Opened my wallet to find a slice of ham with a phone number written on it in sharpie.
All i remember is people cheering me on to drink faster than the dog, out of the dog's bowl. I just couldn't stop.
You beat him at the shot competition, and proceeded to rub it in while telling everyone to "ASK ME A MATH QUESTION!!!"
My stepdad and I just tag-team hit on a server at McDonald's. This is the man I should have grown up with.
Just did a slip and slide down a five story staircase in my dorm. Being an engineer is fucking awesome
I went on my dinner date pretending that my lunch date didn't jizz in my hair.

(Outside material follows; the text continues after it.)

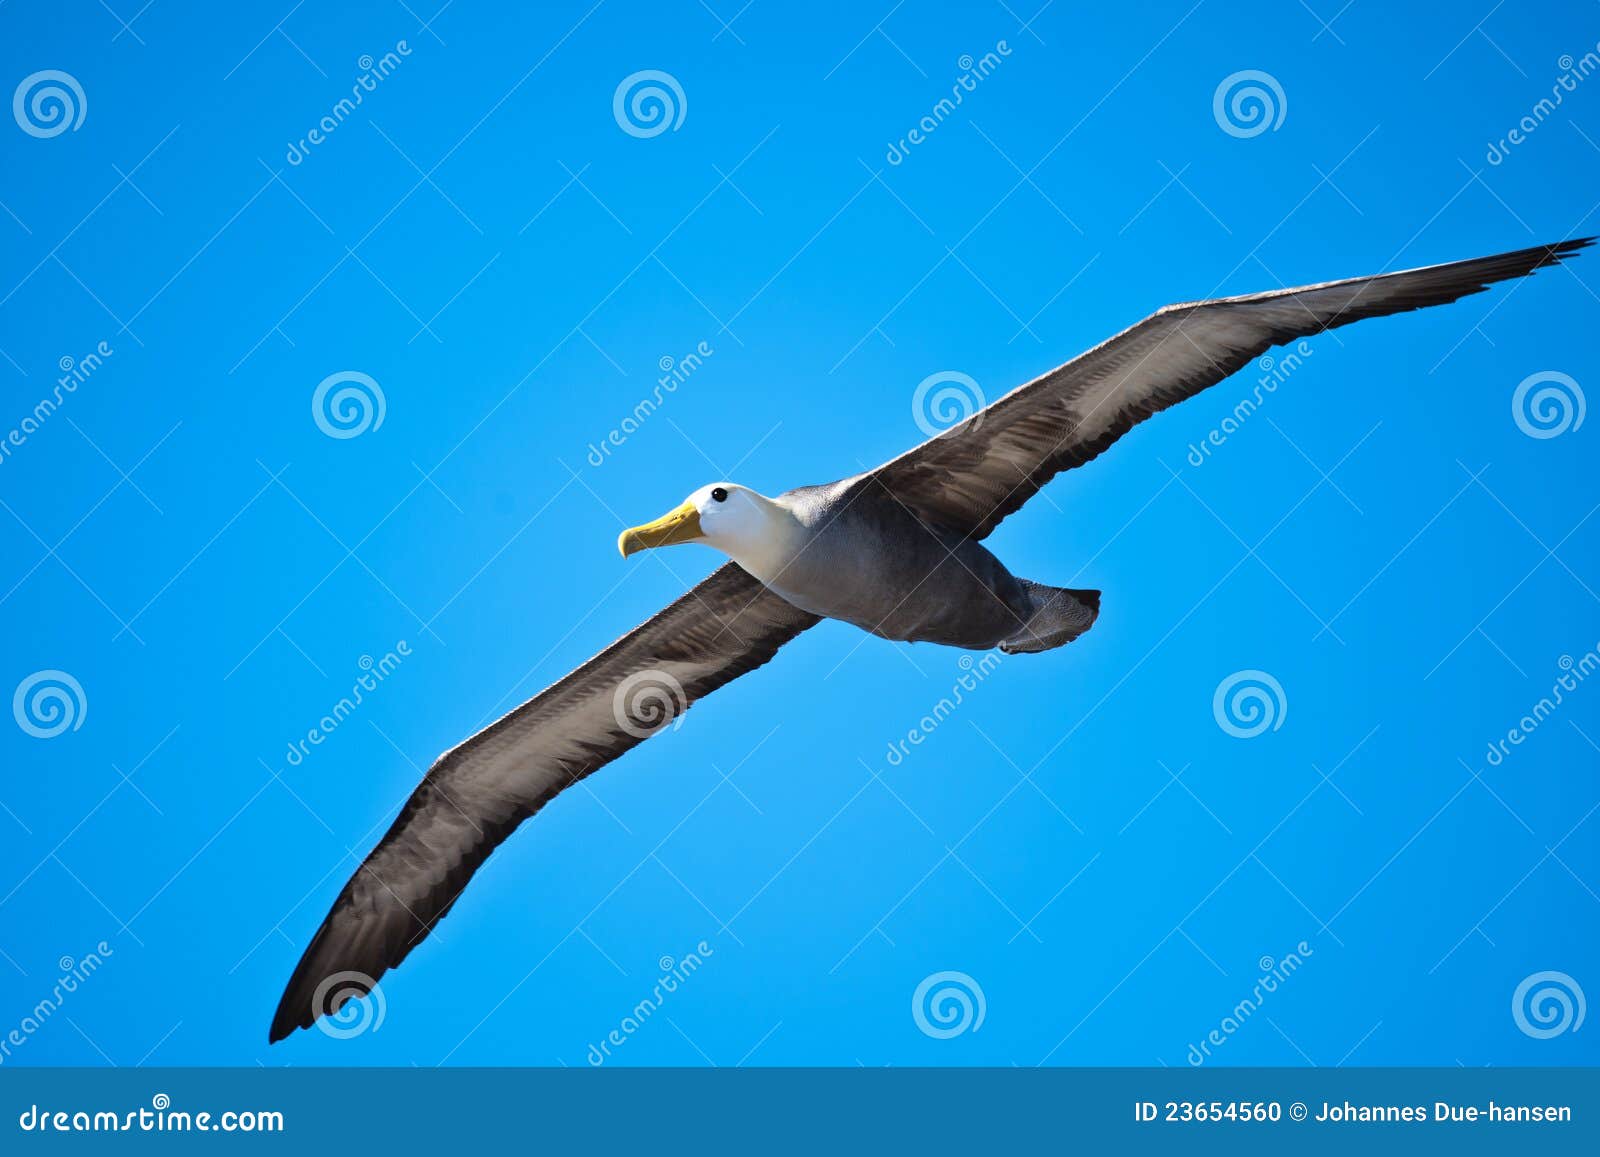 waved albatross in flight at espaÃÂ±ola, gapalagos
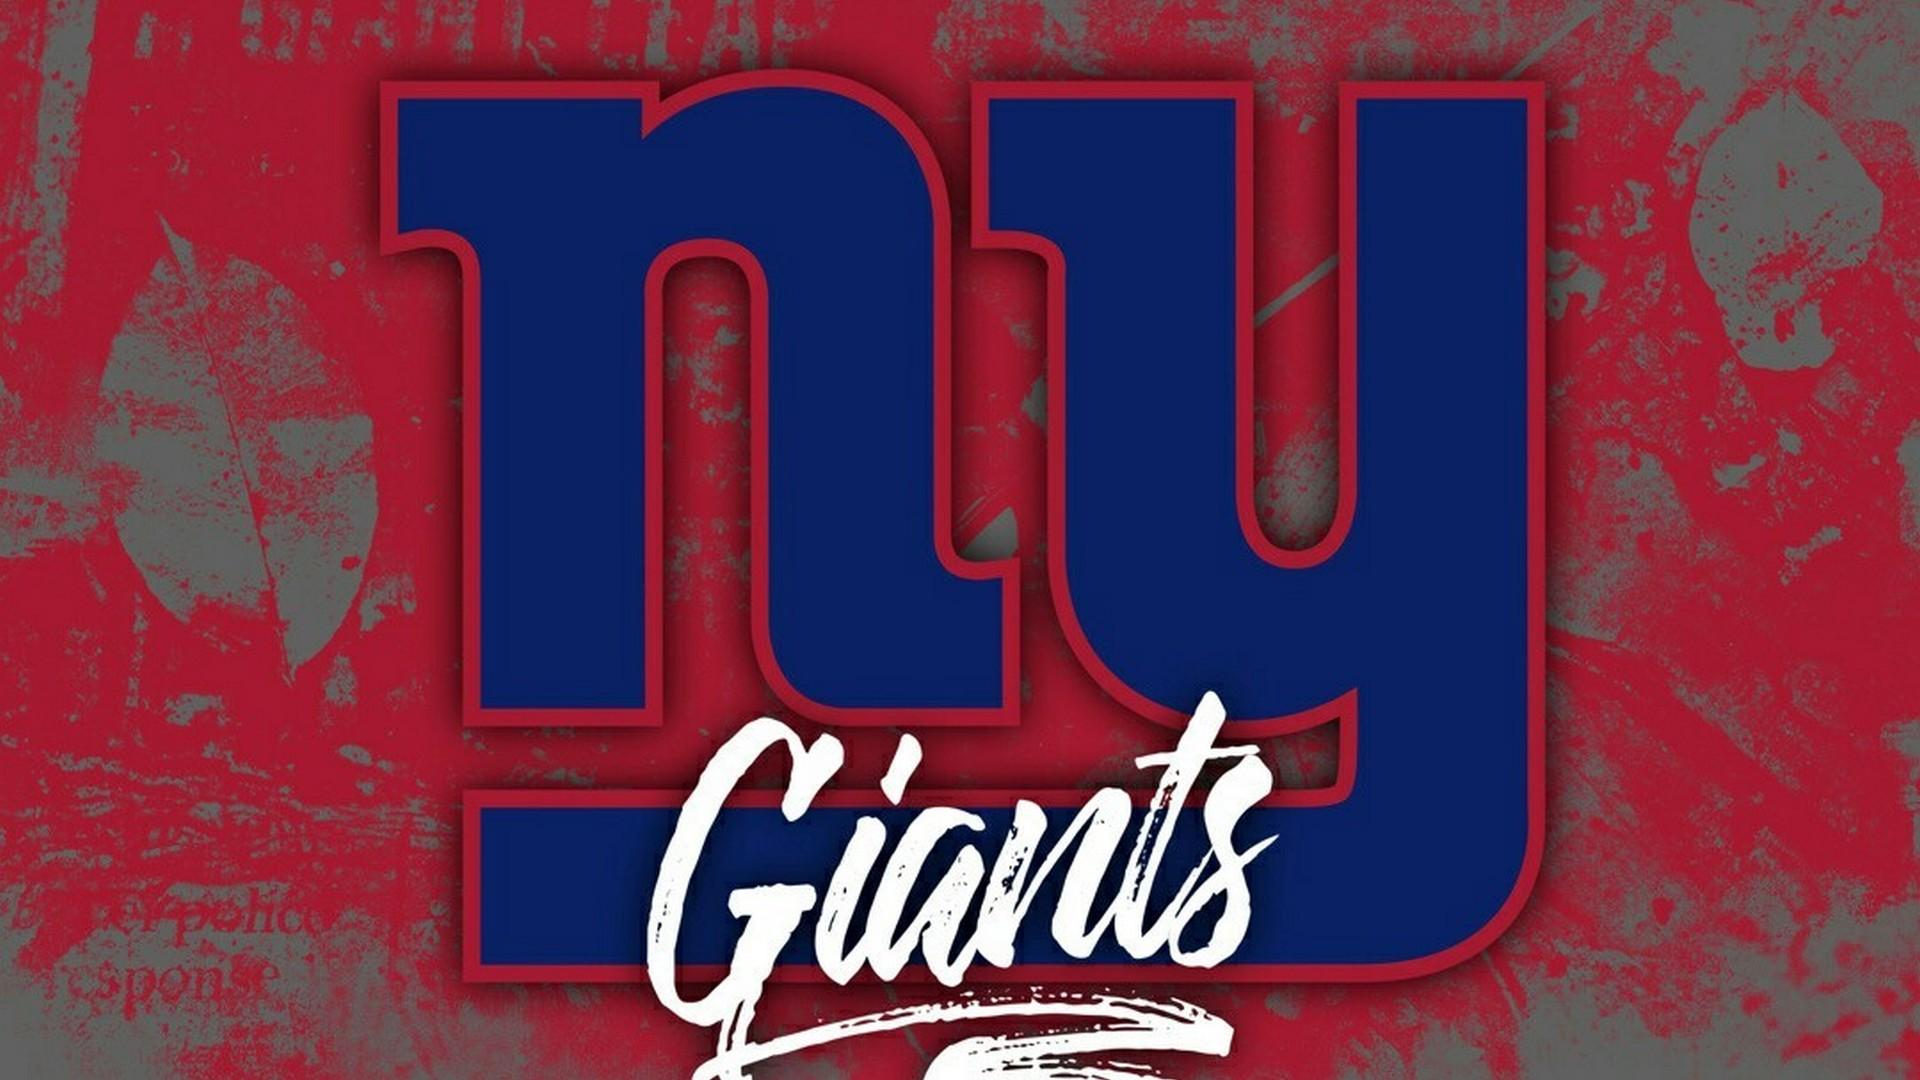 New York Giants 2019 Wallpapers Wallpaper Cave

she's unstoppable after she starts doing shots and yelling NANNER
She just came home holding a fire hydrant. Yes a fire hydrant.
It's fucking New Year's. I can be soberish in 2013 after tonight. It's like the 30 years of grey area between Jesus' birth and death.
Just resonded to a booty call with "how much effort is required on my part?" I think I've finally reached the point of smoking too much pot
It'll be a pair of asscheeks that light up when they're summoned.
Tequila ran out around 11 so she let them do body shots of chips and guacamole instead
Wait. We seriously played strip beer pong at the bar last night. Who said I never came up with good ideas
sitting in the prison waiting room in my boyfriends clothes. looooong story.
I farted in the parking garage and it echoed.